Bring on the Beans and Boost your Well-Being


beans

The second week of November is National Split Pea Soup week, which is not exactly headline news, but it does give me an opportunity to write about peas and related legumes. As a clinical nutritionist, I am always happy to pontificate on the health benefits of such a humble but nutrient-dense food group.

First, let’s get some terminology straight. Legumes, also known as pulses in the UK, are the broad category that includes beans, peas, and lentils. But nowadays, many people just use the simple term “beans” interchangeably with legumes, to refer to the whole category. And that’s what I’ll use in this article.

Beans come in a wide variety of shapes, sizes, and colors. In addition, they can be eaten in many forms, including whole or split, ground into flours, or as separate “fractions,” such as protein, fiber, or starch.
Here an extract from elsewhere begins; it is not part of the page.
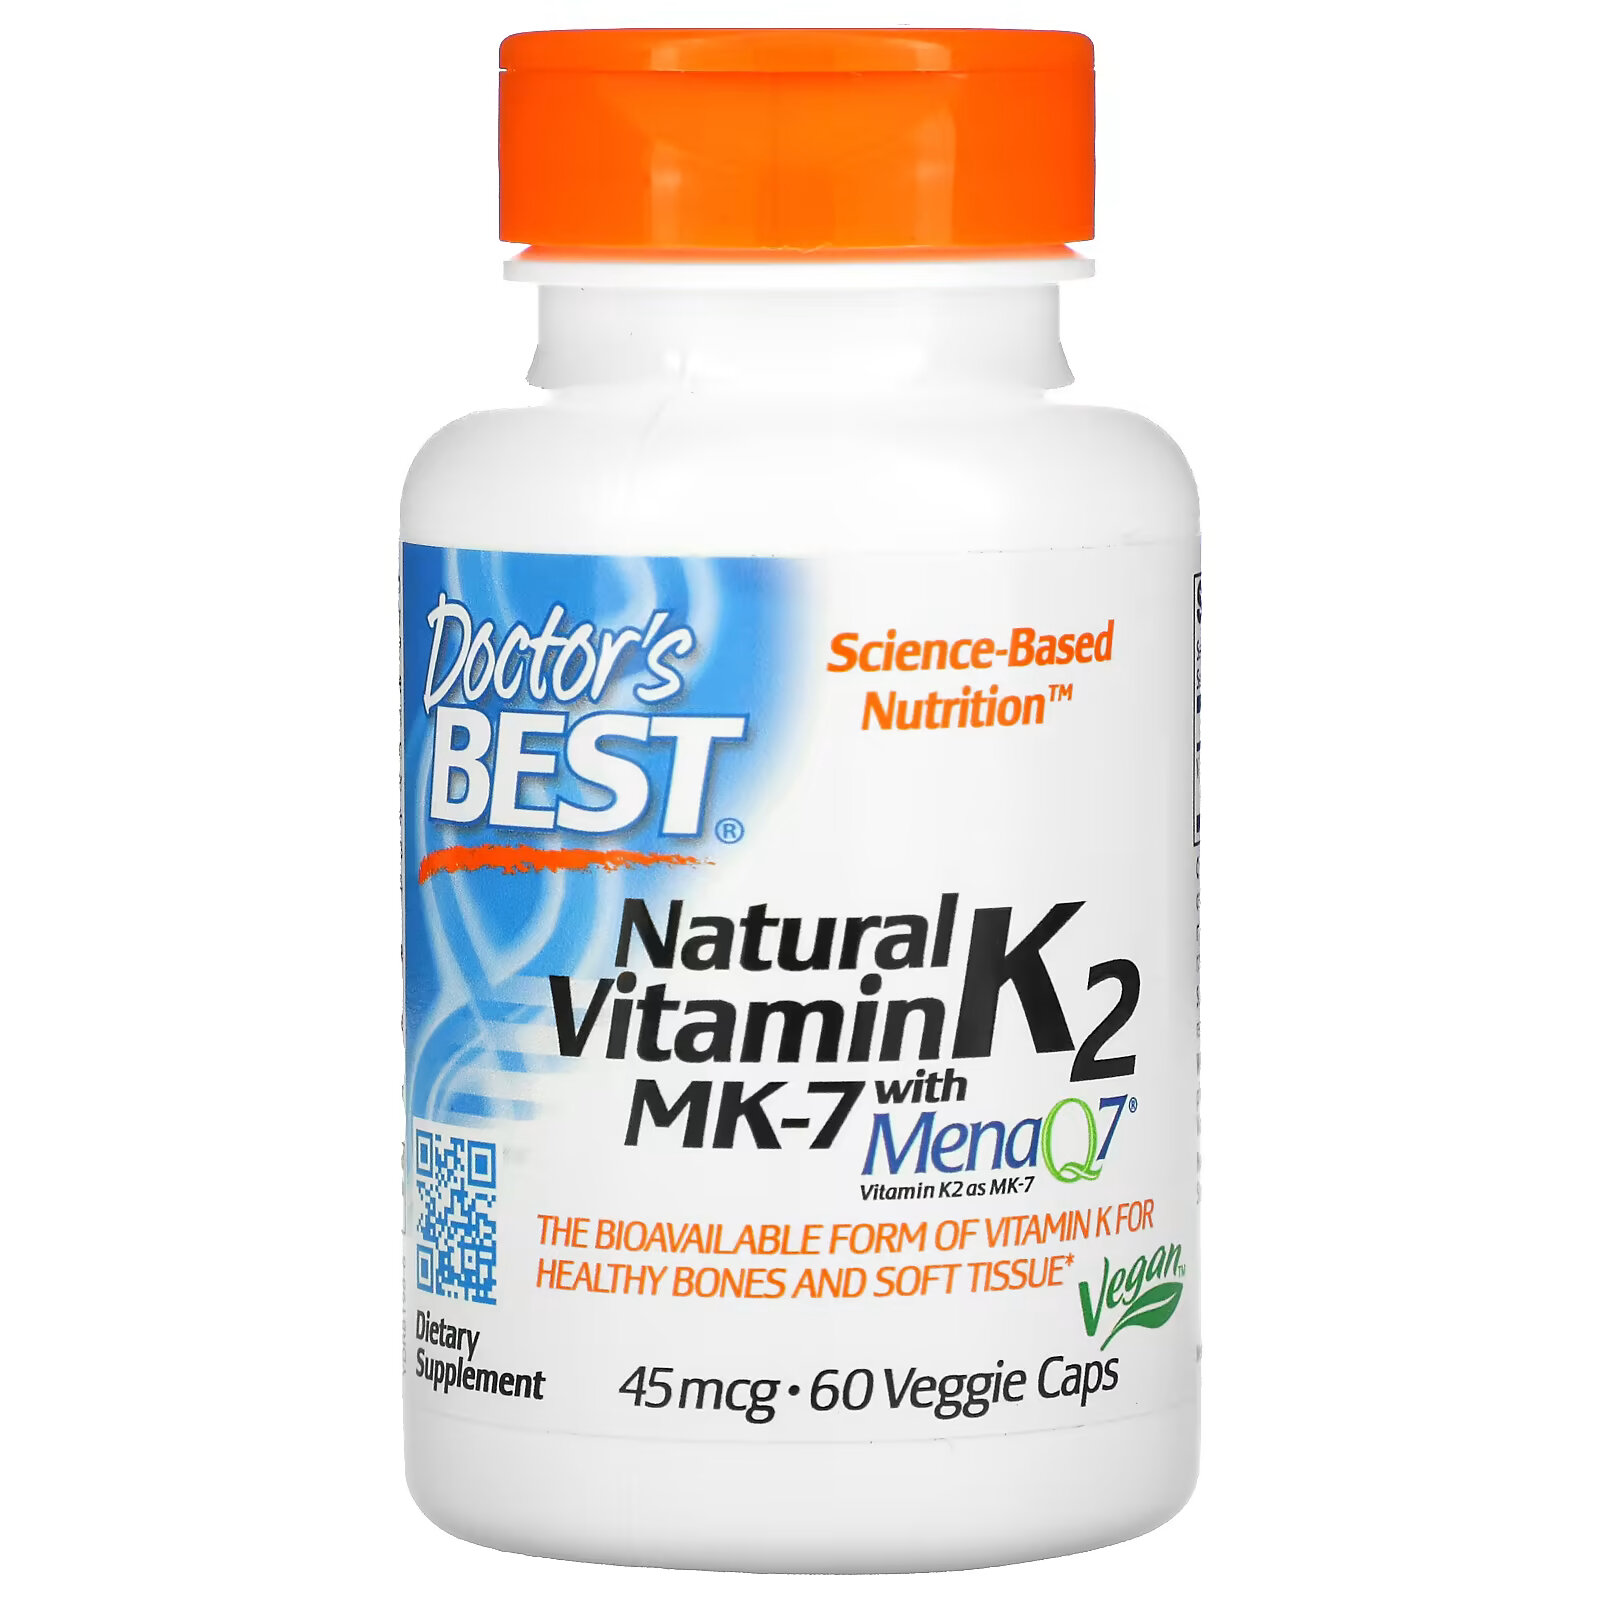 Doctor's Best витамин K2 MK-7 с MenaQ7, 45 мкг, 60 вегетарианских капсул натуральный витамин k2 mk 7 с menaq7 doctor s best 100 мкг 60 растительных капсул

The U.S. Dry Bean Council (USdrybean.com), which obviously wants us all to eat more beans, states that “beans are a healthy, great-tasting food, familiar to people across the globe.” Let’s examine why health professionals are so enamored of these plant foods.

Beans Supply Essential Nutrients

Beans are a low-glycemic-index (GI), fiber-rich source of complex carbohydrates. These macronutrients help you feel full and give you sustained energy throughout the day. Research nutritionist Susan Raatz, writing for beaninstitute.com, says, “The reduced glycemic index of dry beans helps reduce the glycemic load of the diet when served in a mixed meal.”

Beans also contain insoluble fiber, which helps to keep blood sugar levels stable; and soluble fiber, which can lower cholesterol and provide other heart-protective benefits. Raatz finds that beans are “ideal foods for the management of abnormalities associated with insulin resistance, diabetes, and hyperlipidemia.”

Next, beans are a rich source of protein, relative to other vegetable products, and contain the essential amino acid lysine, which is missing from most grains. That is why beans and grains are called complementary proteins: Eaten together, such as in rice-and-bean dishes, they supply all the amino acids necessary for the proper function of cells, tissues, and fluid in our body.

Beans are also a good source of several micronutrients, such as the minerals magnesium, potassium, and zinc, which are needed for many essential functions in the body. These minerals, especially magnesium, are in short supply in most Americans’ diets. Beans, on the whole, are also a rich vegetarian source of iron for those who may not be getting animal sources of this mineral. They also supply vitamins B6 and folate, both important vitamins for mood and memory.

Studies Back the Benefits of Beans

A 2012 study published in the Archives of Internal Medicine found that eating legumes such as beans, chickpeas, or lentils as part of a low-glycemic index diet can improve glycemic control and reduce cardiovascular risk in people with type 2 diabetes. In the study, led by prominent GI researcher Dr. David Jenkins at the University of Toronto, those participants who ate a cup or more per day of beans showed clinically meaningful reductions in their blood pressure and in their A1C, a blood marker of blood sugar control. The American Diabetes Association suggests that people with diabetes include about one-half cup of dry beans and lentils per day in their meals.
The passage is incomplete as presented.